23/5: That evening she danced merengues with us

[Note: The origin of this text is described in the comments to the post on the book meme. Thanks to Dr. Omed for the suggestion.]

That evening she danced merengues with us

We can express the difference
by defining the romantic,
nineteenth-century periodical
as essentially an organ of opinion,
exercising an avant-garde function
only insofar as it leads and precedes
a vast corps of readers
in the labyrinth of ideas and issues;
but the avant-garde periodical
functions as an independent and isolated
military unit,
completely and sharply detached
from the public, quick to act,
not only to explore but also
to battle, conquer, and adventure
on its own.

The stars he pastes up are colored
only to go with how he feels that day,
blue on up to golden.

It is not that the idea is attributed
to man's inordinate conceit
(though this is sometimes done by the unreflecting);
for, all said and done, a navvy who can walk
into a public-house and order a pot of beer
is an infinitely more wonderful thing
than is the biggest lump of cooling mud
that ever swam in the skies.

And tell me whether any literary work whatsoever
is compatible with states of this kind.

Smilers, all who stand on promontories,
slinkers, whisperers, deliberate approaches,
echoes, time, promises of mercy,
what dreams or goes masked, embraces that fail,
insufficient evidence,
touches of the old wound.

But it is quite natual that sensations
so familiar should be little noticed
and that attention should be drawn to them
only under special circumstances when
they occur unexpectedly or with
unusual strength.

None of the pictures is very large,
which doesn't mean they aren't
valuable.

My own experience of Thomas might be limited,
but Kate had written me quite detailed reports
of her acquaintance with him,
and I think I can safely say that
'exaggerating'
is not a word that either of us would ever use
in connection with him.

Tami's bust
probably measured
fifty-five
or
sixty
inches.

She was an explorer and a pioneer
at the high art of terraforming,
and her techniques in building
living worlds were still the standard,
and her name didn't even need
'Chamberlain'
attached to it.

They find cover among small patches of
natural vegetation, agricultural fields,
and tree plantations to the south,
near the seacoast.

Wilde scuffed the surface of the canal-bank path—
it had changed from trodden dust
to a strip of fused sand
which broadened and merged with the street ahead,
the permanent way made from the same material
as if the finger of a god
had drawn the lines from space—
and waited for the machine to reply.

My protestations of friendship
are not like other people's.

"Classy, virile, Teutonic,"
growls the Old Man.

i said, "i love to. but
i thought you knew everything
about me."

There are just as many differences
among followers of the Sacred King
system, except that none of them
had definite names for their
religion
as such.

...

"Classy,
virile,
Teutonic,"
growls
the
Old
Man.


[p.s. While I was doing this, Dr. Omed was doing his own... like him, i'm interested in seeing your version so send me a copy....]

Saturday, April 17, 2004

Scenes from cafes #6: Creme

New "barista"
asks
if it looks right
to me.

Friday, April 16, 2004

23/5 book meme

The meme infecting the entire world of blogs is the following:

1. Grab the nearest book.
2. Open the book to page 23.
3. Find the fifth sentence.
4. Post the text of the sentence in your journal along with these instructions.

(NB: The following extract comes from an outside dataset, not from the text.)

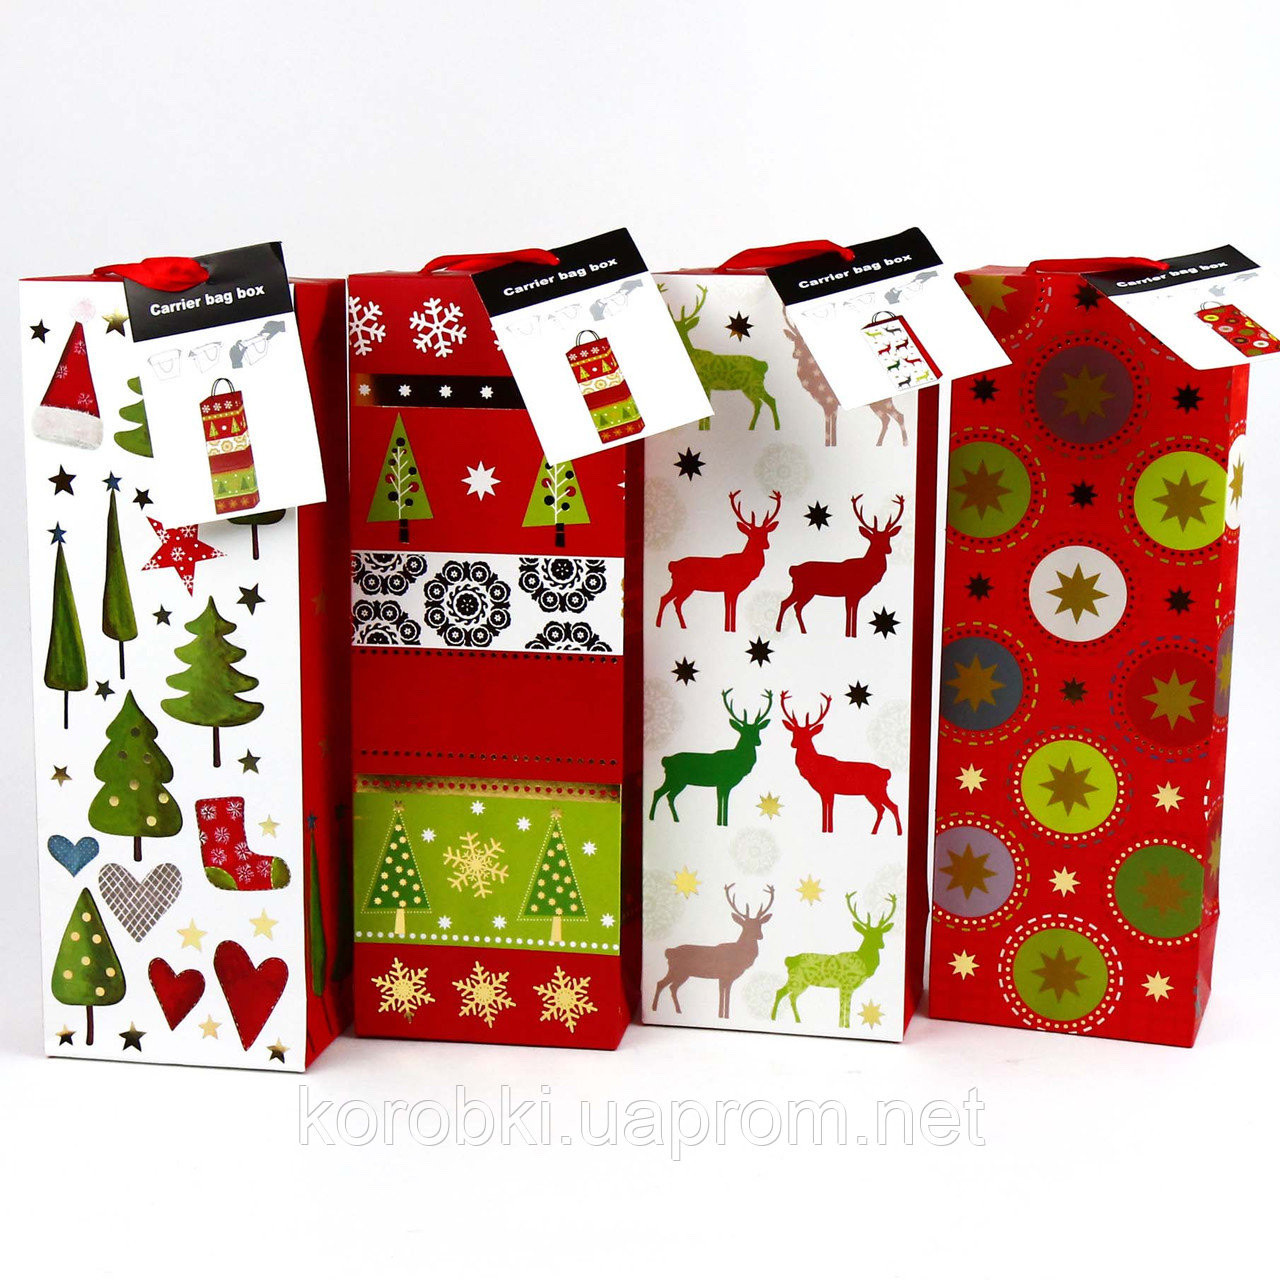 Коробочка - пакет подарункова новорічна, 35 см, мікс, Коробка новогодняя подарочная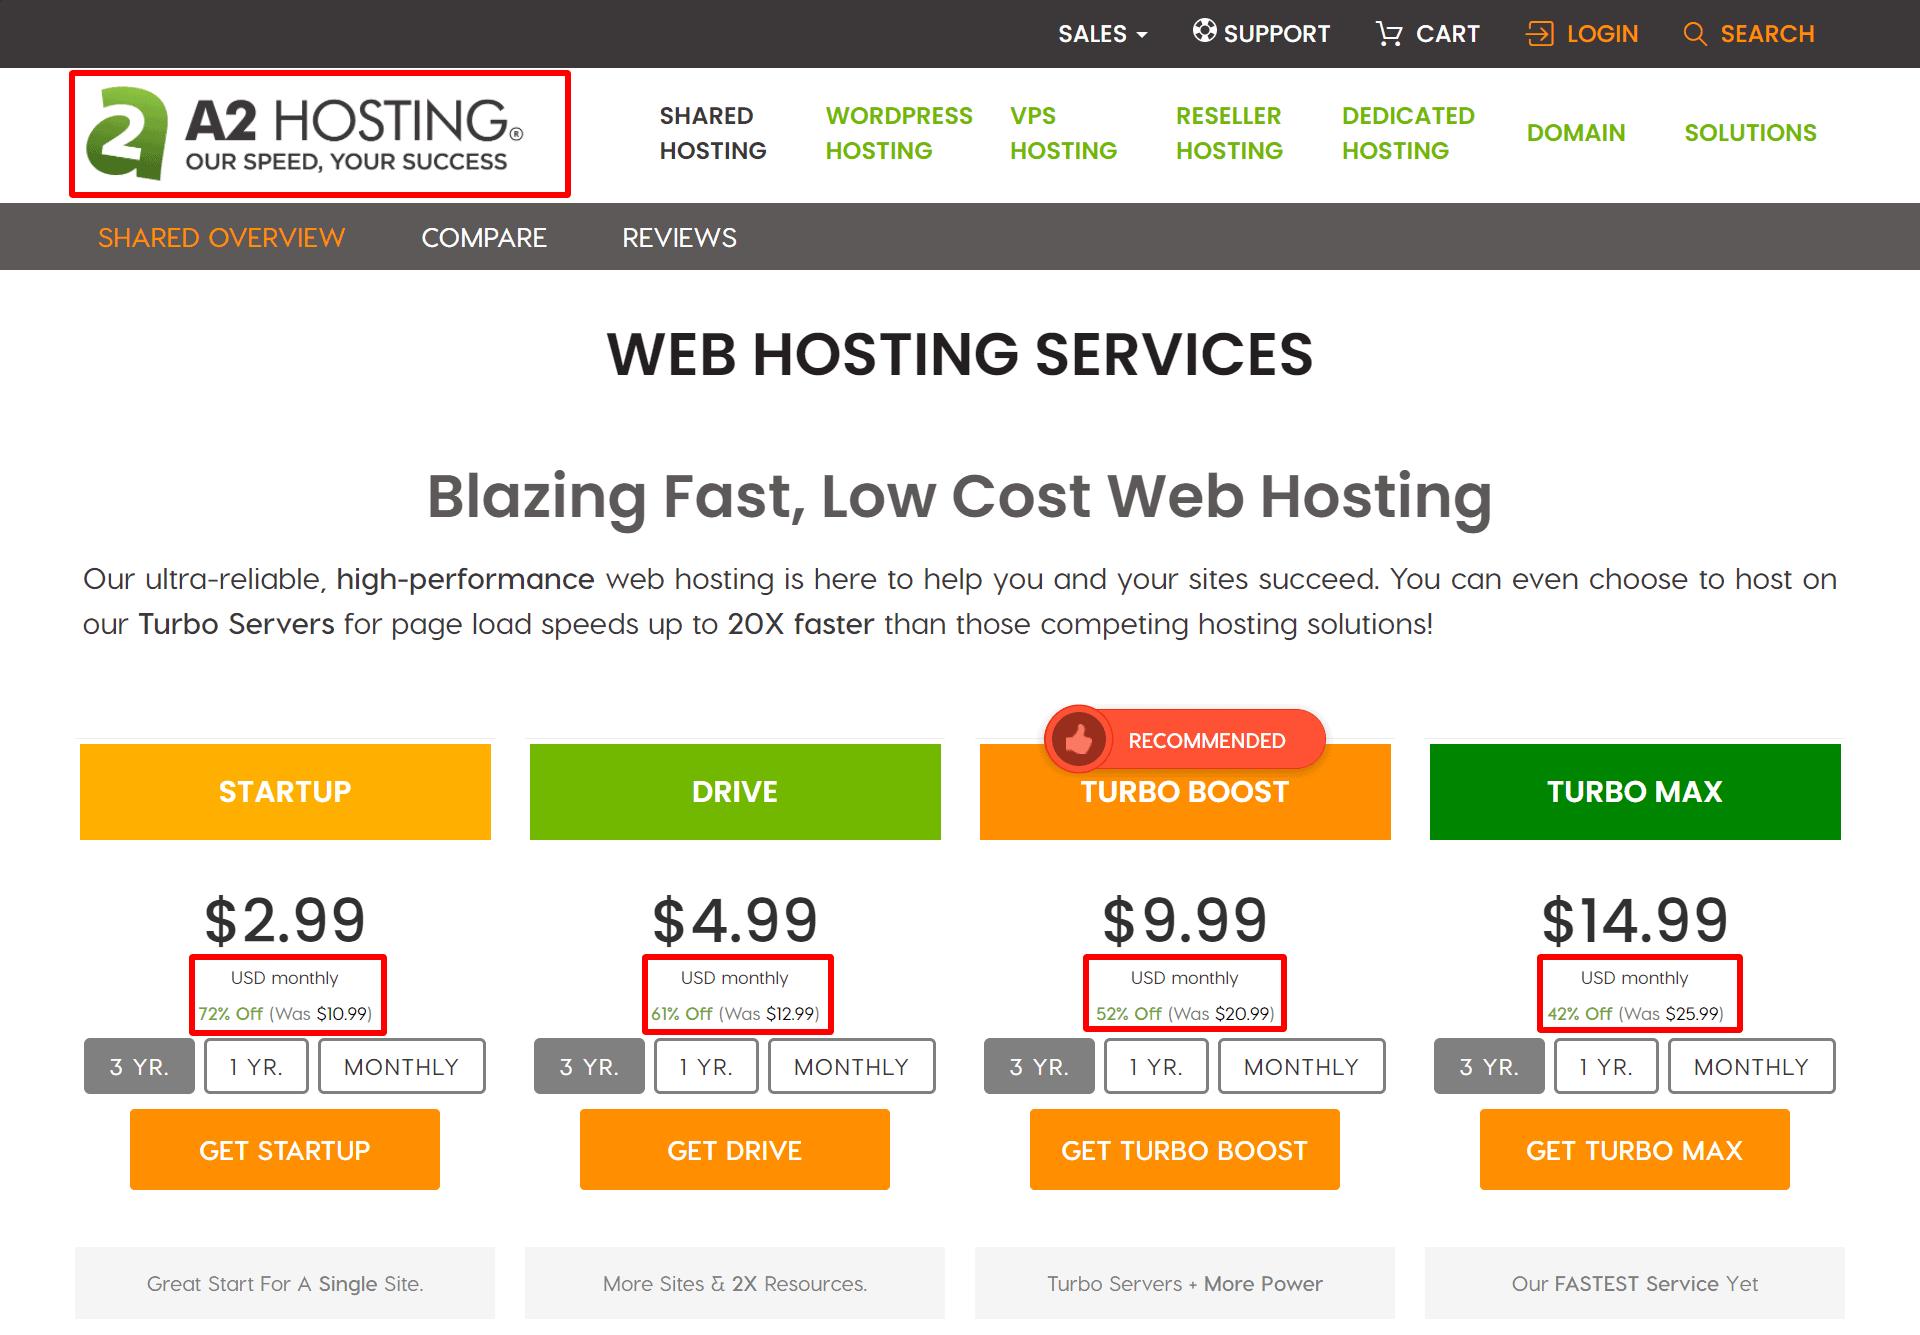 Web-Hosting-Services-2021-s-BEST-Shared-Hosting

I've come across this everywhere and thought I might have a look at some of the transmission patterns. So here are a set of paths working from a particular instance of the meme going back through the quoted sources in a chain. The first sources I'm using are people who I have linked from this blog

Chain#1
tympan
caterina.net
David Chess
long story short pier
elkins
Amy's Journal (April 8th entry)
I'll gather all the stars each night as they appear (April 8th entry - this entry says that she forgot to credit the source as she had seen it in numerous livejournals - she then gives one of her sources as the next link)
pegkerr
Where are the monkeys of yesteryear? (April 7 entry)
Chris' Journal (April 7 entry)
Stonehead News (April 7 entry)
Bilmo's log (April 7 entry)
the sentimental curmudgeon (April 6 entry)
tully monster's fair and balanced fossil record (April 6 entry)
paintbrush sage (April 6 entry)
cyn (April 6)
Keats and Yeats are on your side (refers back to tully monster as the source in the comments! - there's some weird twisting of time going on here...)

Chain#2
Jen Crispin
????

Chain#3
Pharyngula
Unfogged
[Purse Lip Square Jaw]
Caterina.net
rest of entries as in Chain #1

Interesting the way in which the two chains converge. (We would expect them to converge, but I find where they converged interesting.)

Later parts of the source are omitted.